╭─ Collected data
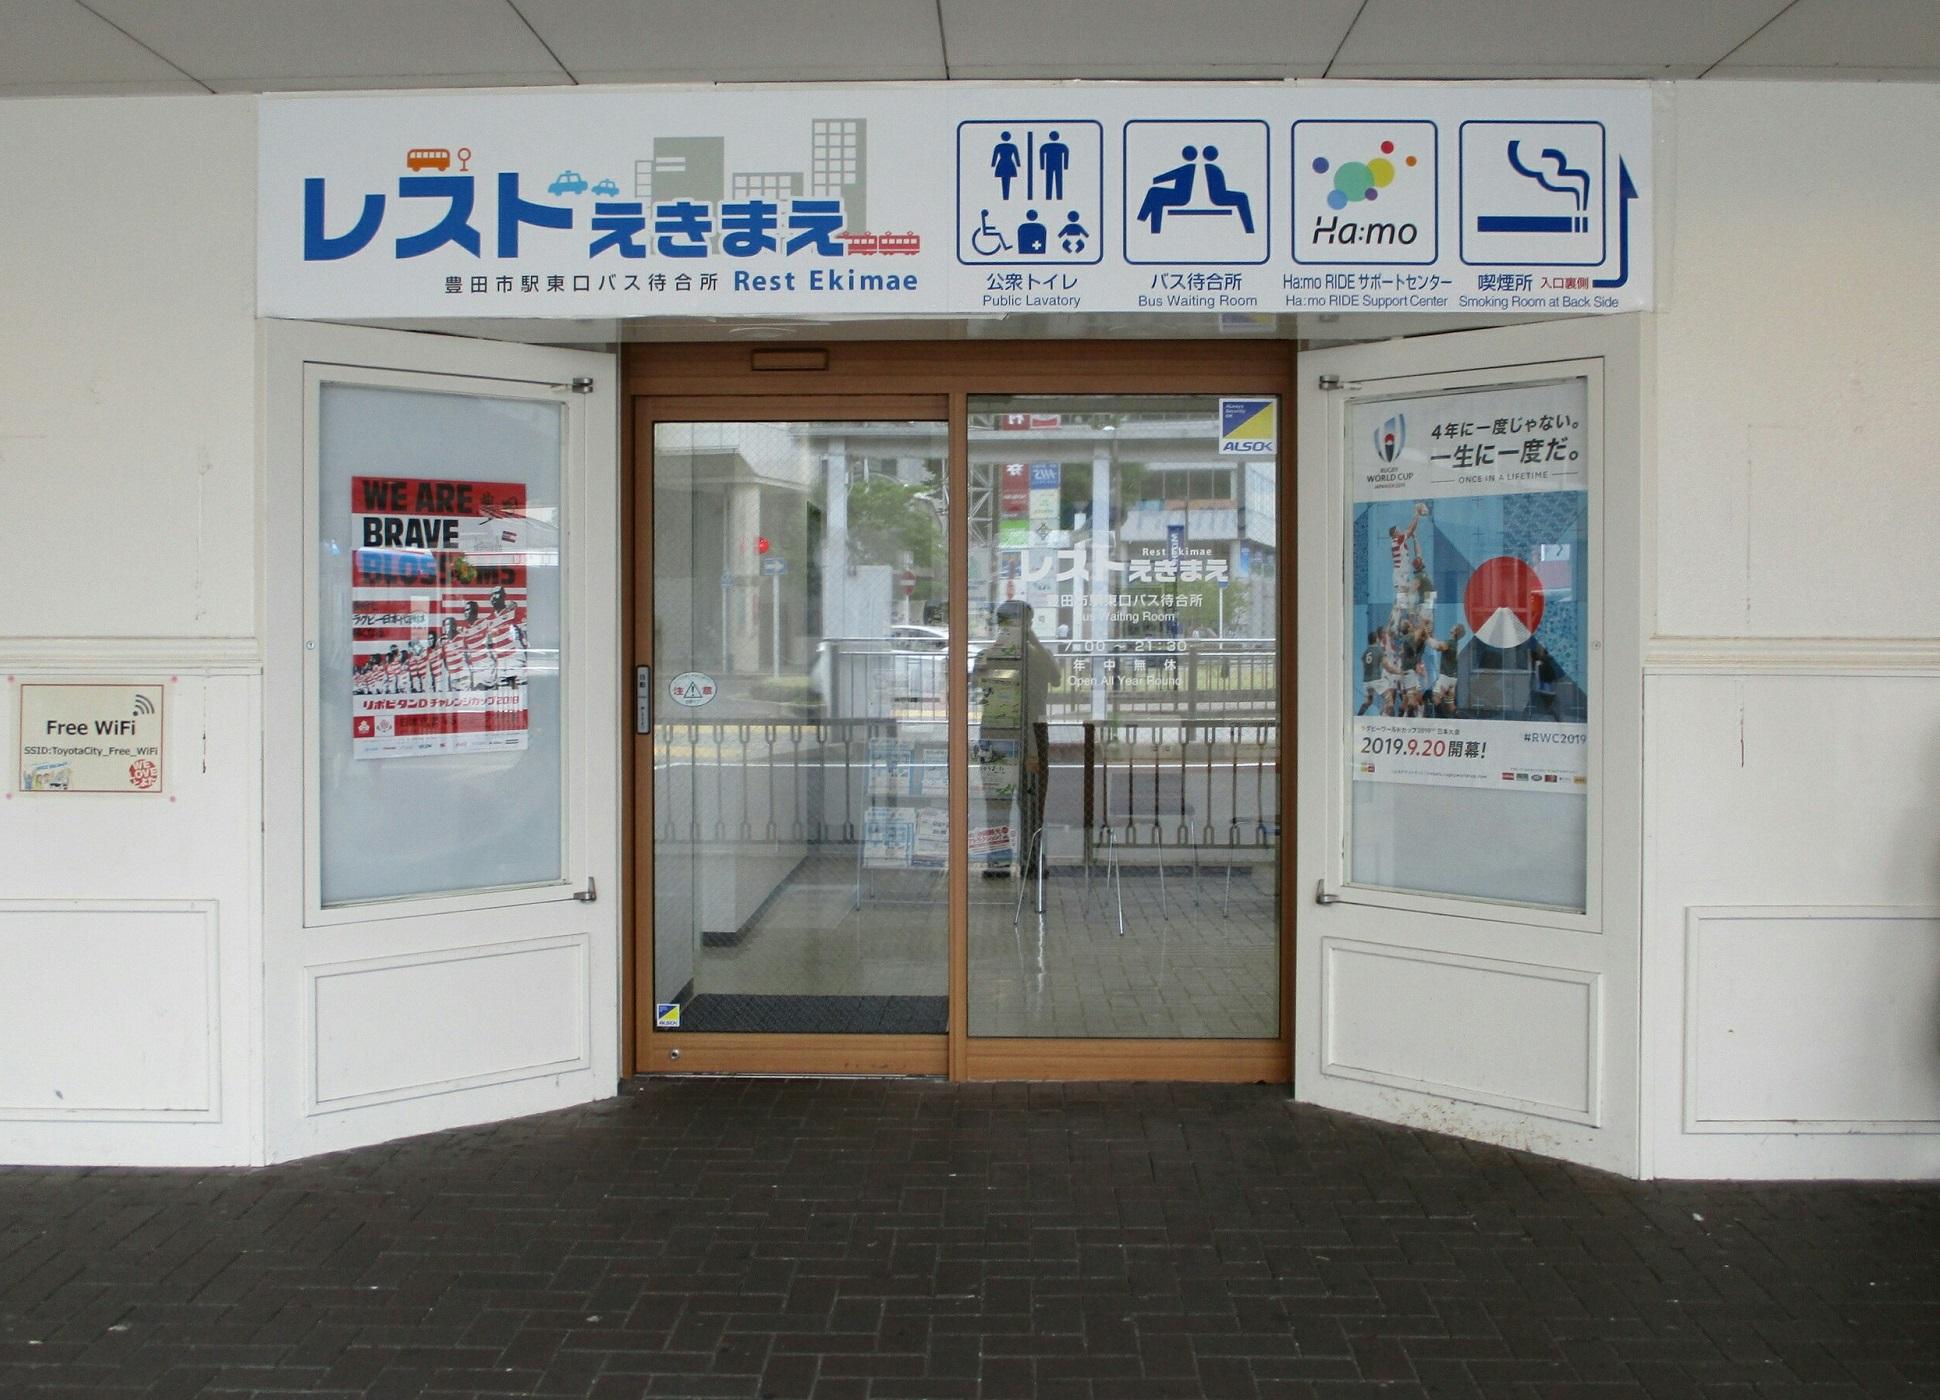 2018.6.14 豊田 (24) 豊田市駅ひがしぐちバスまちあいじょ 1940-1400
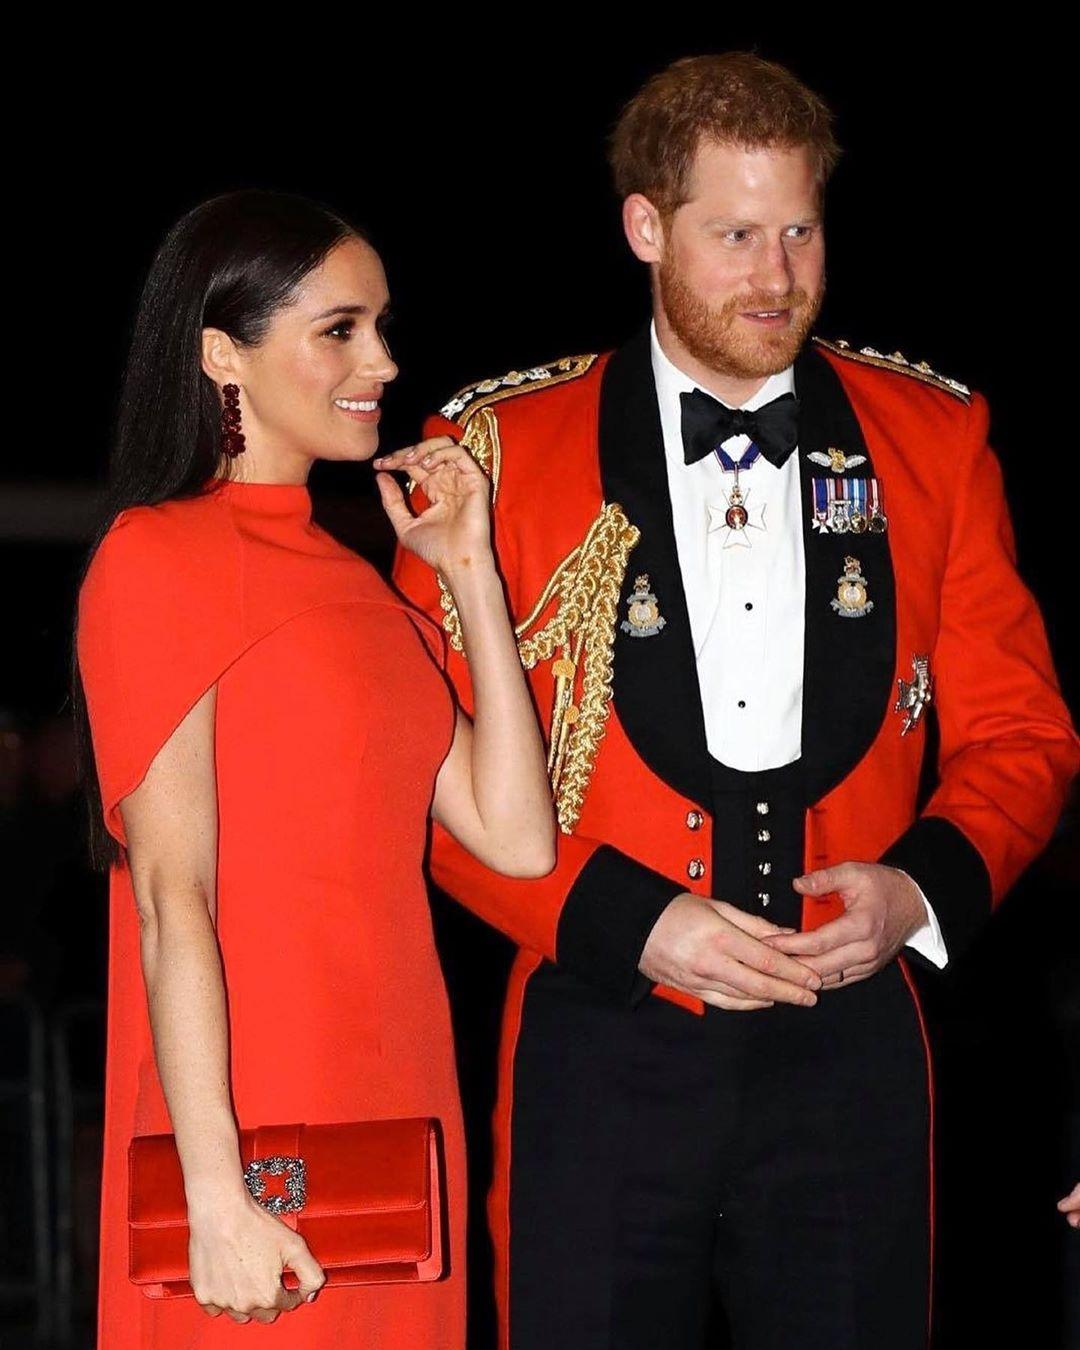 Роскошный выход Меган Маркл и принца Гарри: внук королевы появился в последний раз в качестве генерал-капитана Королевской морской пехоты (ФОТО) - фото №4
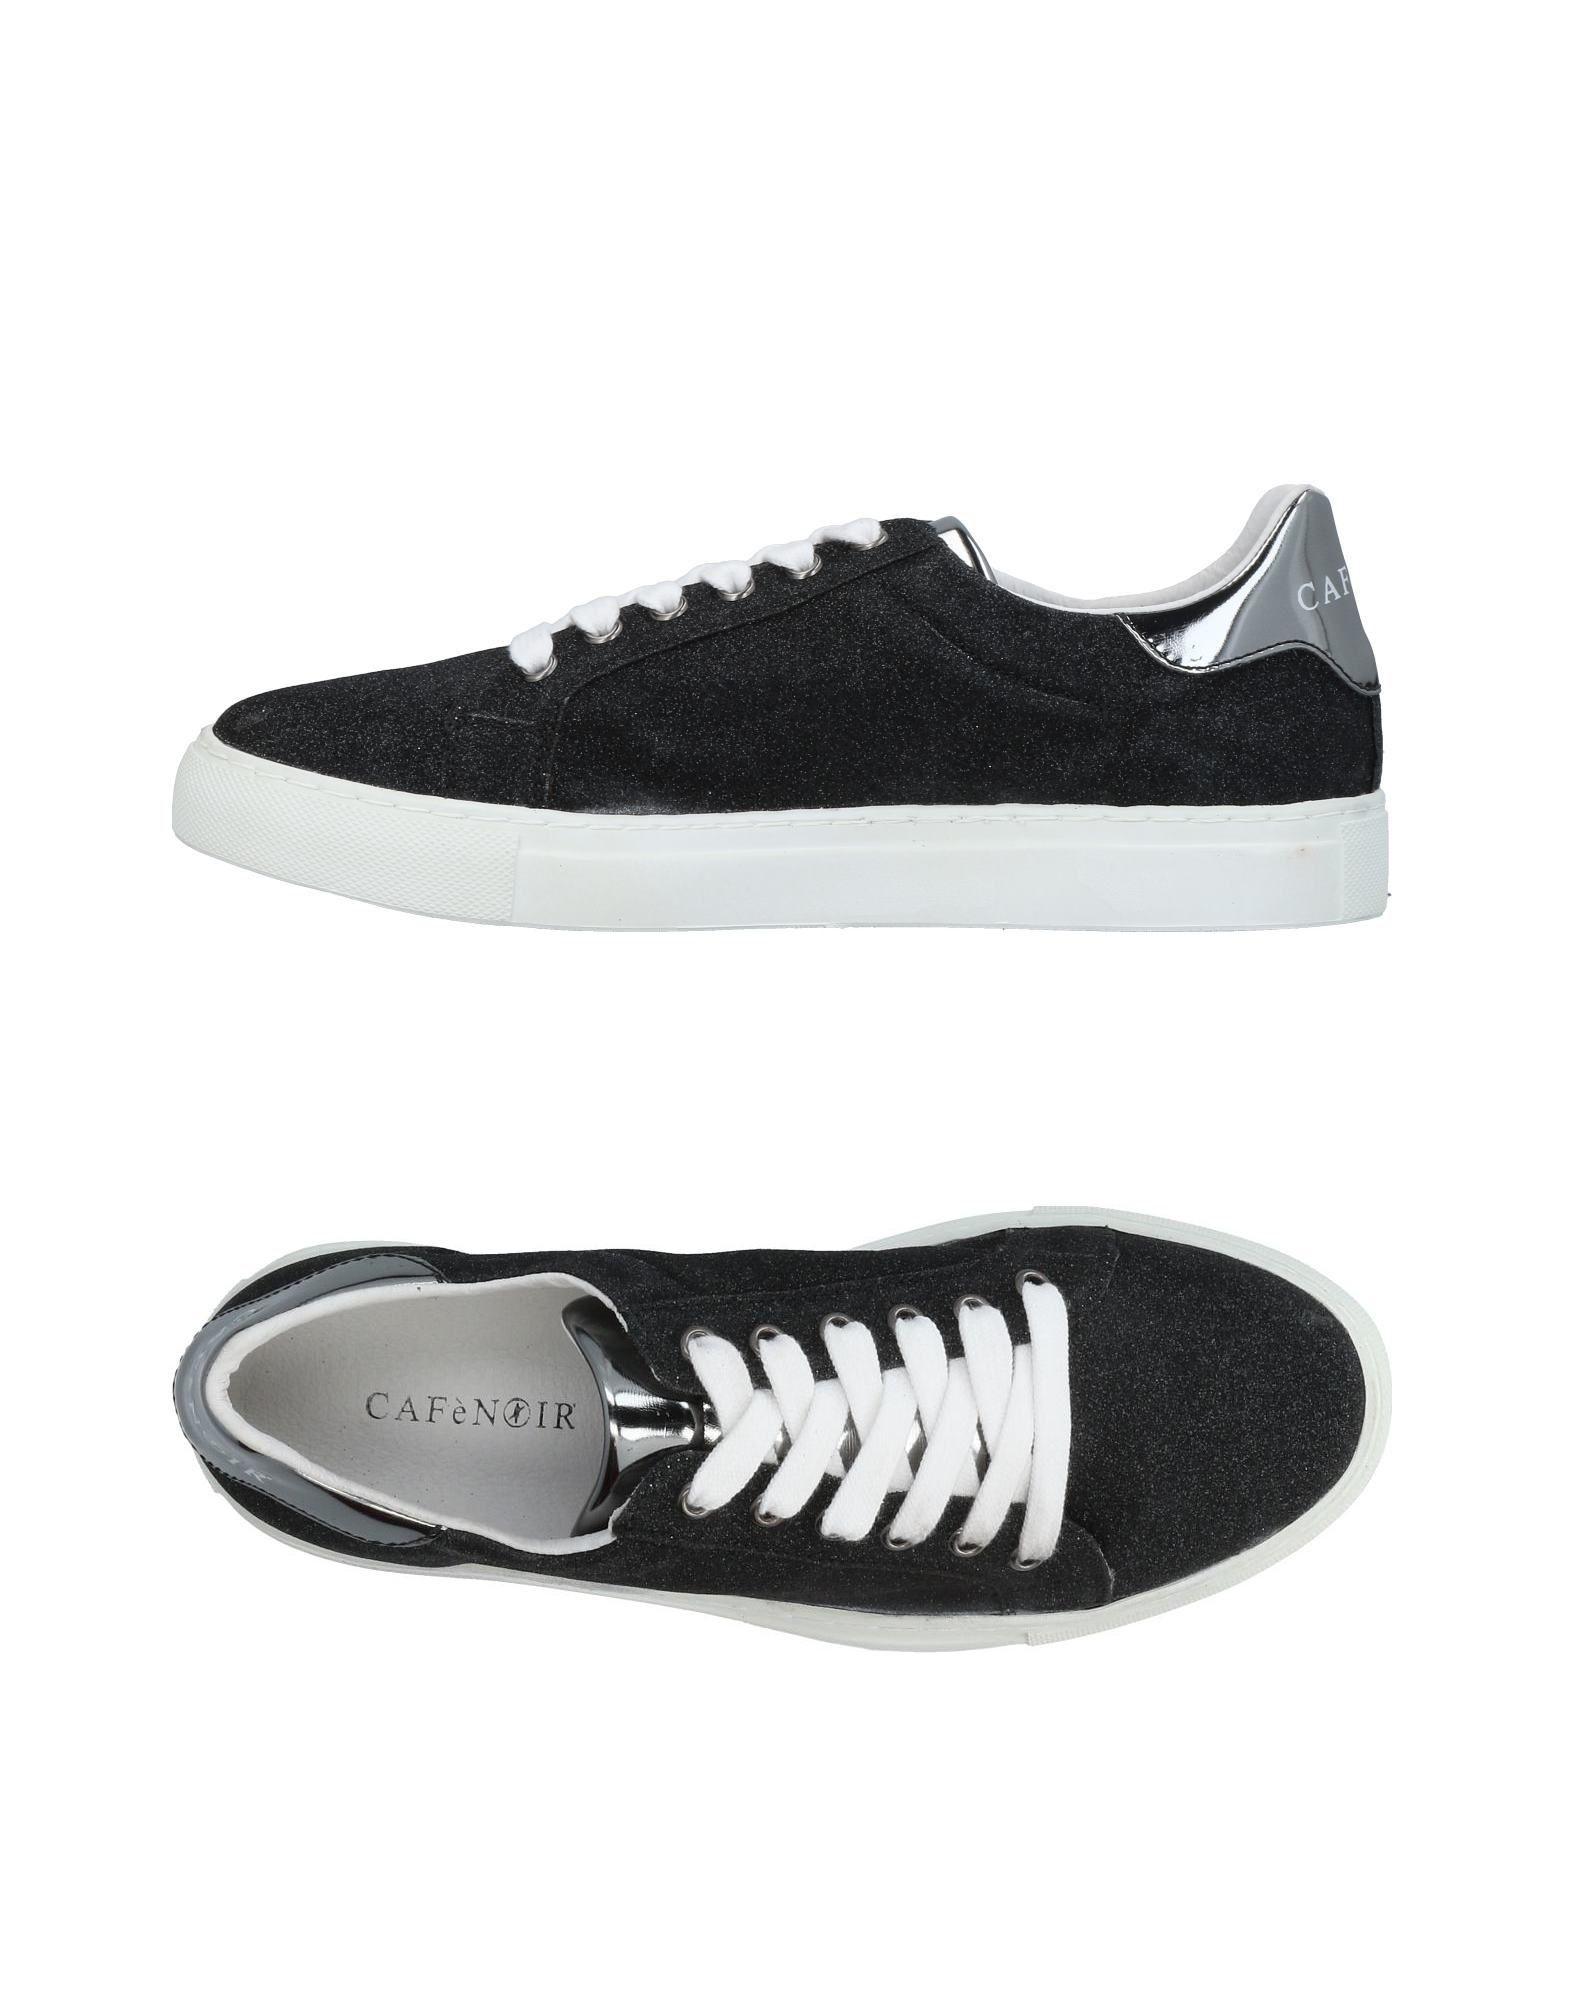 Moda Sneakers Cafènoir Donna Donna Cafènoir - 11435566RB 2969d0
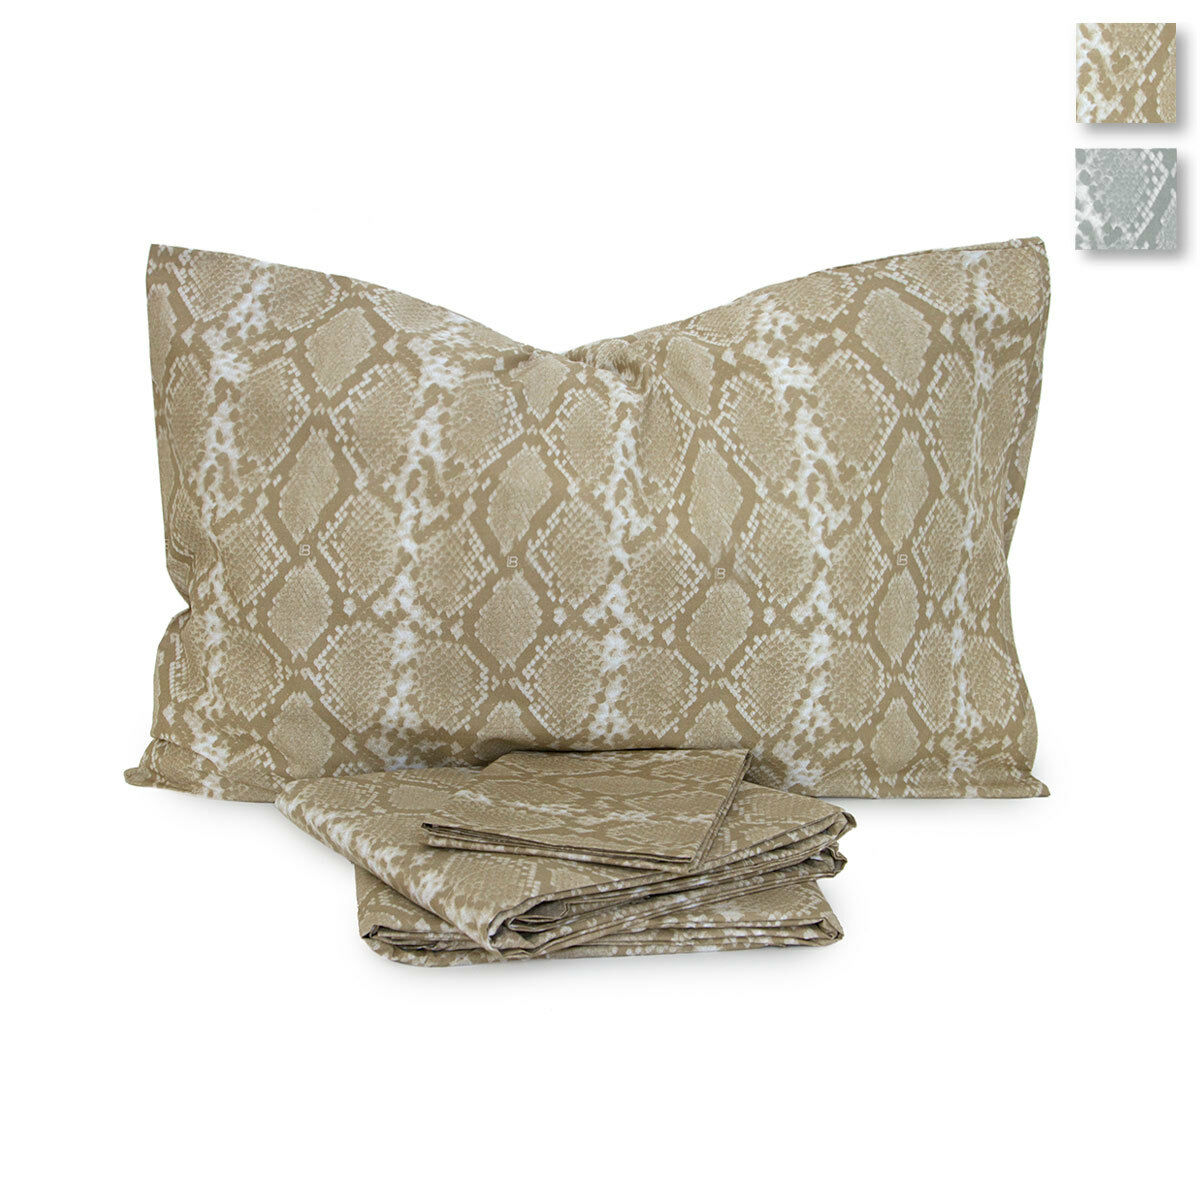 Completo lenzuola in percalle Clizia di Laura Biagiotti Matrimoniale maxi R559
╰─
### Activity
Skipping the images, write out the whole listing exactly.

### Output below
 2018.6.14 豊田 (24) 豊田市駅ひがしぐちバスまちあいじょ 1940-1400
 Роскошный выход Меган Маркл и принца Гарри: внук королевы появился в последний раз в качестве генерал-капитана Королевской морской пехоты (ФОТО) - фото №4
 Moda Sneakers Cafènoir Donna Donna Cafènoir - 11435566RB 2969d0
 Completo lenzuola in percalle Clizia di Laura Biagiotti Matrimoniale maxi R559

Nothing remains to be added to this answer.